The present invention relates generally to computer systems capable of recognizing handwriting. More particularly the invention pertains to systems for converting text displayed on computer screens from one text domain to another, such as from Hiragana to Kanji.
Computerized personal organizers are becoming increasingly popular. They perform such functions as keeping calendars, address books, to-do lists, etc. While these functions can be provided by conventional computer systems, they are more conveniently provided by personal organizers which are relatively inexpensive, small, and lightweight (i.e. portable). Personal organizers are available from such companies as Sharp and Casio of Japan.
A relatively new form of computer, the pen-based computer system, holds forth the promise of a marriage of the power of a general purpose computer with the functionality and small size of a personal organizer. A pen-based computer system is typically a small, hand-held computer where the primary method for inputting data includes a "pen" or stylus. A pen-based computer system is commonly housed in a generally rectangular enclosure, and has a dual-function display assembly providing a viewing screen along one of the planar sides of the enclosure. The dual-function display assembly serves as both an input device and an output device. When operating as an input device, the display assembly senses the position of the tip of a stylus on the viewing screen and provides this positional information to the computer's central processing unit (CPU). Some display assemblies can also sense the pressure of the stylus on the screen to provide further information to the CPU. When operating as an output device, the display assembly presents computer-generated images on the screen.
The dual-function displays of pen-based computer systems permit users to operate the computers as computerized notepads. For example, graphical images can be input into the pen-based computer by merely moving the stylus across the surface of the screen. As the CPU senses the position and movement of the stylus, it generates a corresponding image on the screen to create the illusion that the stylus is drawing the image directly upon the screen, i.e. that the stylus is "inking" an image on the screen. With suitable recognition software, the "ink" can be identified as text and numeric information. Some systems can recognize handwriting (ink) as characters, words, geometric shapes, etc. The recognized characters and words may also be identified as belonging to a particular language (e.g. Russian or English) or to a particular character set (e.g., Greek or Roman letters).
Text written in Japanese can contain alphabetic characters or numerals, but it consists principally of Kanji (Chinese characters) and syllabic characters (Hiragana and Katakana). There are some 2,000 to 3,000 common Kanji, and an additional 3,000 to 4,000 less common Kanji. In general, Kanji are structurally very complex with each single character containing on average from five to ten strokes. Some of the more complicated Kanji can contain 20 or more strokes.
Hiragana and Katakana are phonetic characters commonly used in Japan. Kanji are not phonetically based. Hiragana is reserved for traditional Japanese words that do not derive from other languages. Katakana, on the other hand, is reserved for words that originally found their way into Japanese from foreign languages. In comparison to Kanji, Hiragana and Katakana are generally less complex. Further, there are far fewer of them--only 49 for each of Hiragana and Katakana. Thus, single keyboards containing all of the Hiragana or Katakana are available.

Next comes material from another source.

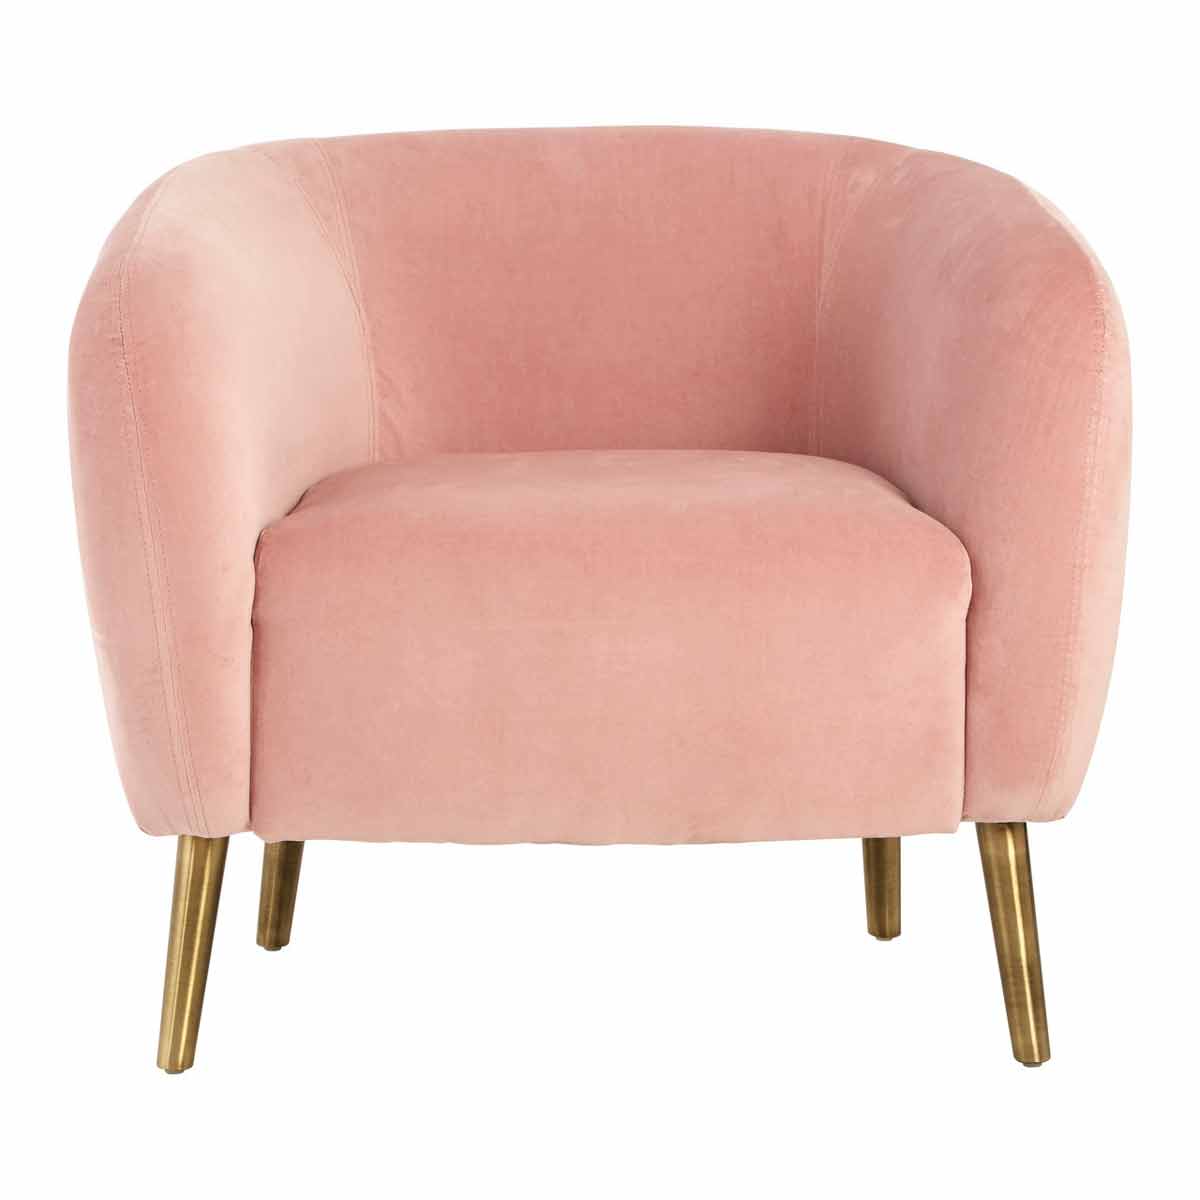 Interiors by PH Round Armchair Pink Velvet Gold Finish Metal Legs

As recently as ten years ago there was no way to input Kanji into a computer. Instead, Katakana characters were assigned to the keys of the ASCII keyboard and Japanese text was input, and displayed, phonetically. Another approach employed a special device consisting of a tablet on which 3,000 Kanji characters were printed. Further research led to systems employing Kana input (phonetic) with subsequent Kana-Kanji conversion.
Two dominant modes of this process are now employed. In the first, an ASCII keyboard is used to input Roman letters which are first converted to phonetic Japanese text (Hiragana or Katakana) and then converted to Kanji using a Kana-Kanji conversion. This approach has the advantage of requiring keyboards having only the 26 letters of the Roman alphabet. In the second dominant mode, Japanese text is input phonetically as Katakana or Hiragana through a keyboard or handwriting and then changed into Kanji using a Kana-Kanji conversion. This approach has the advantage of allowing persons not familiar with Romanization rules to input Japanese text.
Most input methods that use Japanese handwriting recognition allow the user to write the desired Kanji directly. Nevertheless, Hiragana or Katakana are often used in the following cases (1) the user is not sure, or has forgotten, how to write the Kanji, (2) the handwritten Kanji is not recognized by the system, (the order of the strokes used to write the Kanji is incorrect, or some other mistake is made), and (3) the time required to write complicated Kanji characters is too great. However, memos written entirely in Hiragana are difficult to read, thus generally requiring that the user rewrite at least some of the text using Kanji when more time is available. What is required is a method for quickly and easily converting text written in Hiragana or Katakana into Kanji.